Well guys, the time has come to thank all of you for your replies.  I tried many of the solutions and ended up with the alcohol.  I just put it in a spray bottle and after a few squirts the glass is clean as new.  I know, glass may not be the best idea.  BUT, I like to see what's going on. 

Again, thanks to all.


----------



## johnmeyer (Feb 14, 2017)

I just repaired a friend's MES. The door hadn't been done in ages. It took awhile for the alcohol to work, but I tipped the smoker on its right side so I could lay the door flat (it was open). I then squirted enough alcohol on the window so it covered the window (it doesn't take much because its low surface tension lets it spread out quickly and easily). After 5-10 minutes I wiped it up. Easy.

Then, to make sure the smoker was really fixed, I did a few smokes.
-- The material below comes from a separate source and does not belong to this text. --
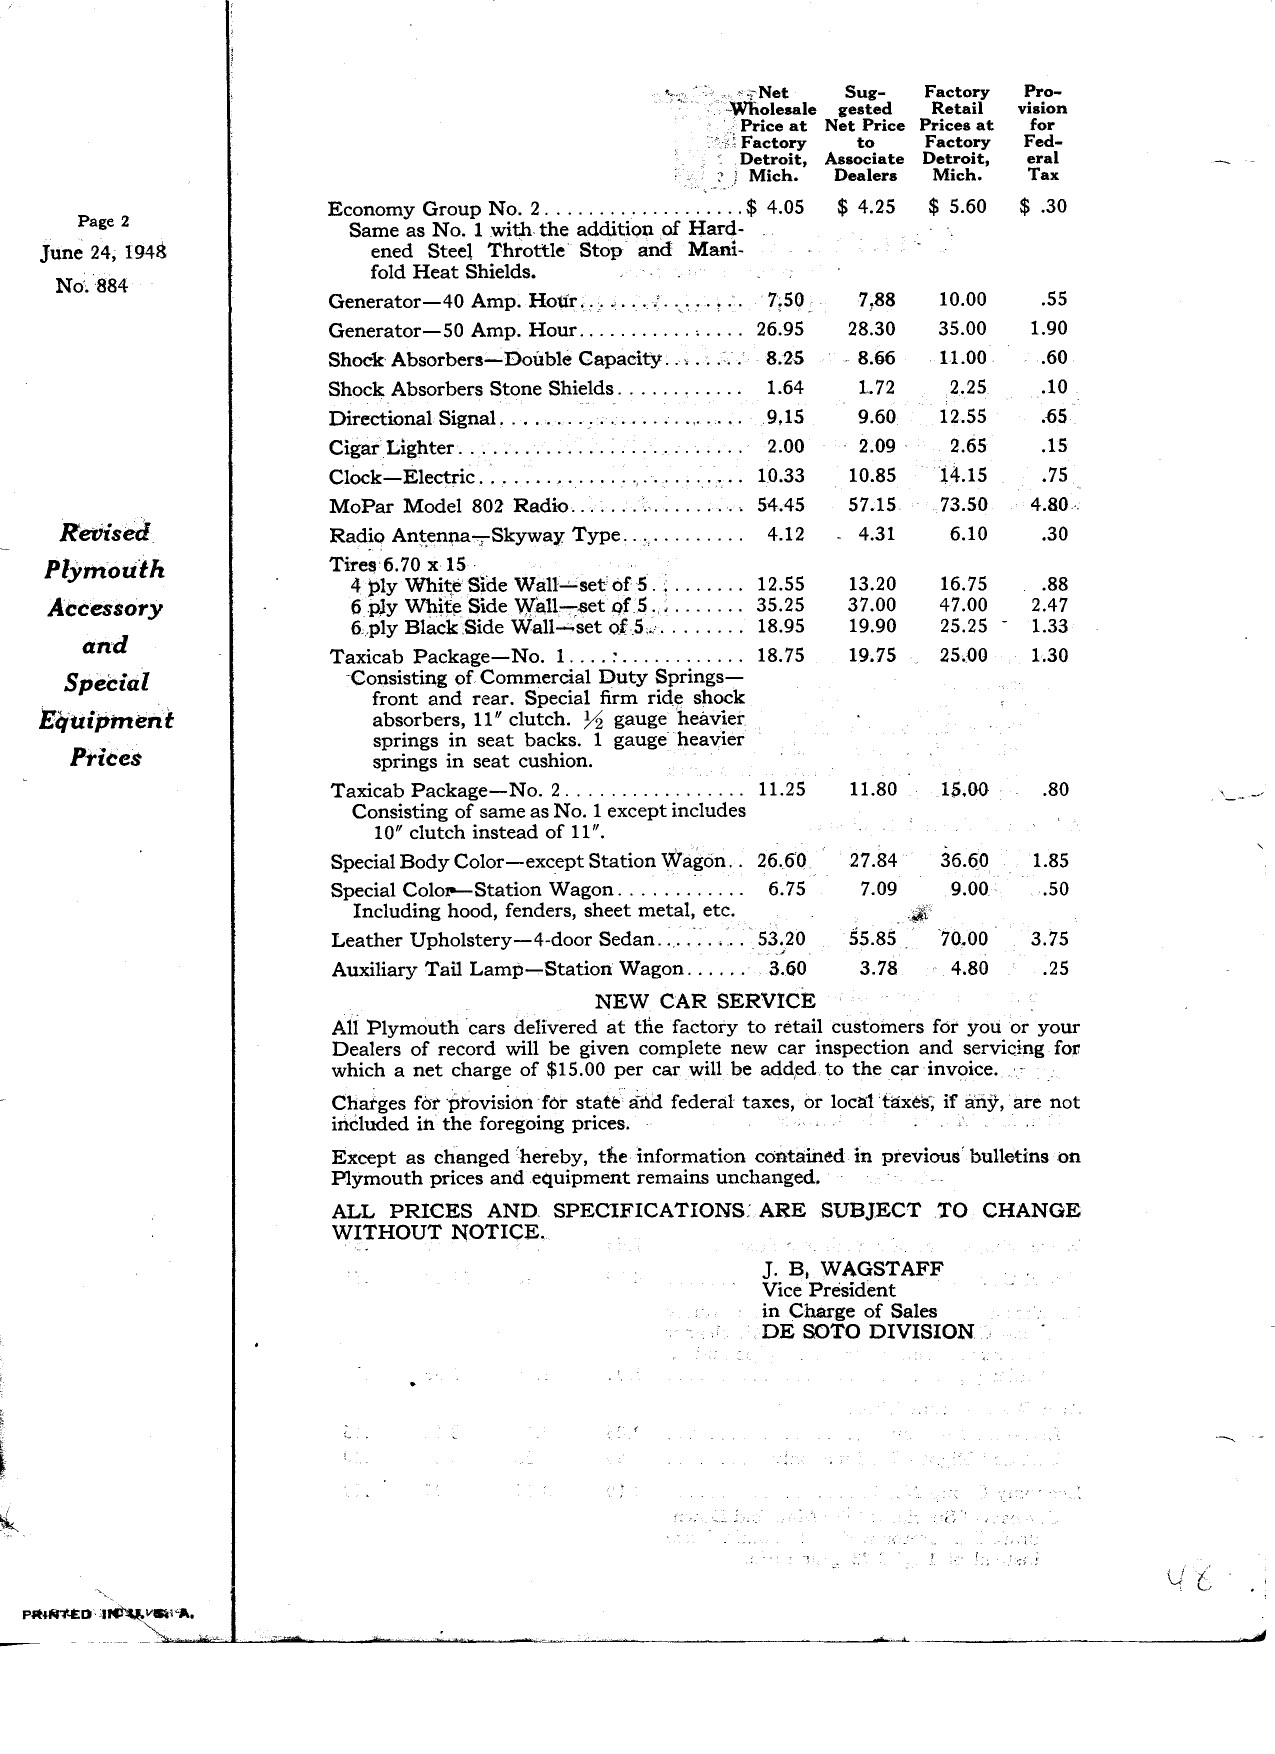 1948_Plymouth_Revised_Accessory_Prices-02

It took only about twenty seconds after each smoke to get the glass squeaky clean (literally).

I also did the light cover and outlet vent as well.


----------



## Bearcarver (Feb 14, 2017)

If it gets real bad, I use a Razor Blade scraper, like a "Widget".

Then it's easy to clean using whatever cleaner you want to use.

Windex

Alcohol

*Wood stove Ashes & water on a Paper towel (Works Best!!)*

Bear


----------



## browneyesvictim (Feb 14, 2017)

Sigmo said:


> There's another thread about this subject on here somewhere. And a lot of different ideas.
> 
> What I've found to work well is a teaspoon or two of TSP in a cup of warm water on a rag.
> 
> ...


X2!

I bought a carton of that stuff a couple of years ago and have become a huge fan! Nothing is too greasy and gunky that it hasn't been able to clean. It will even break down and pull oil/grease stains out of brick and concrete. It is food safe, and can de-scale your coffee maker or whatever. Add a 1/2 Tsp to your dishwasher or even your laundry. I keep a mixed up bottle around. Mix 1/4 to 1/2 Cup to 2 Gallons of water. You can add a little bleach if you want, depending on your application. Best cleaner EVER!


----------



## pilch (Feb 14, 2017)

Love this forum.

"SEEK AND YE SHALL FIND"

Cheers from Down Under


----------



## slotown (Feb 20, 2017)

I bought this stuff at Sam's













spray.jpg



__ slotown
__ Feb 20, 2017






Decided to clean the glass, but didn't think it would work.  Goes on foamy, and as I watched it slide from the top down, all the brown gunk went with it.  Wiped the glass with a sponge with water.  I was done in less than 10 minutes.  Surprise surprise.


----------



## tropics (Feb 23, 2017)

I just cleaned mine after 3 smokes

​Used a spray of alcohol,a sheet of news paper

sprayed again paper towel













DSCN0280.JPG



__ tropics
__ Feb 23, 2017






Didn't take any more then 4 minutes

Richie


----------



## just george (Feb 23, 2017)

This is what I have found as well.  I just let it cool and then hit the glass with a few short spurts from a spray bottle.  The smoke stain will start to run down the glass.  I then hit it with about 4 paper towels and poof!  It's gone.  3 to 4 minuets and it's all over till the next time.


----------



## jl1103 (Aug 16, 2017)

I saw a video on line. I think it was 10 MES tips. The guy opened the door while smoking something, while it was hot and dripping the door whiped clean. It took no effort at all.


----------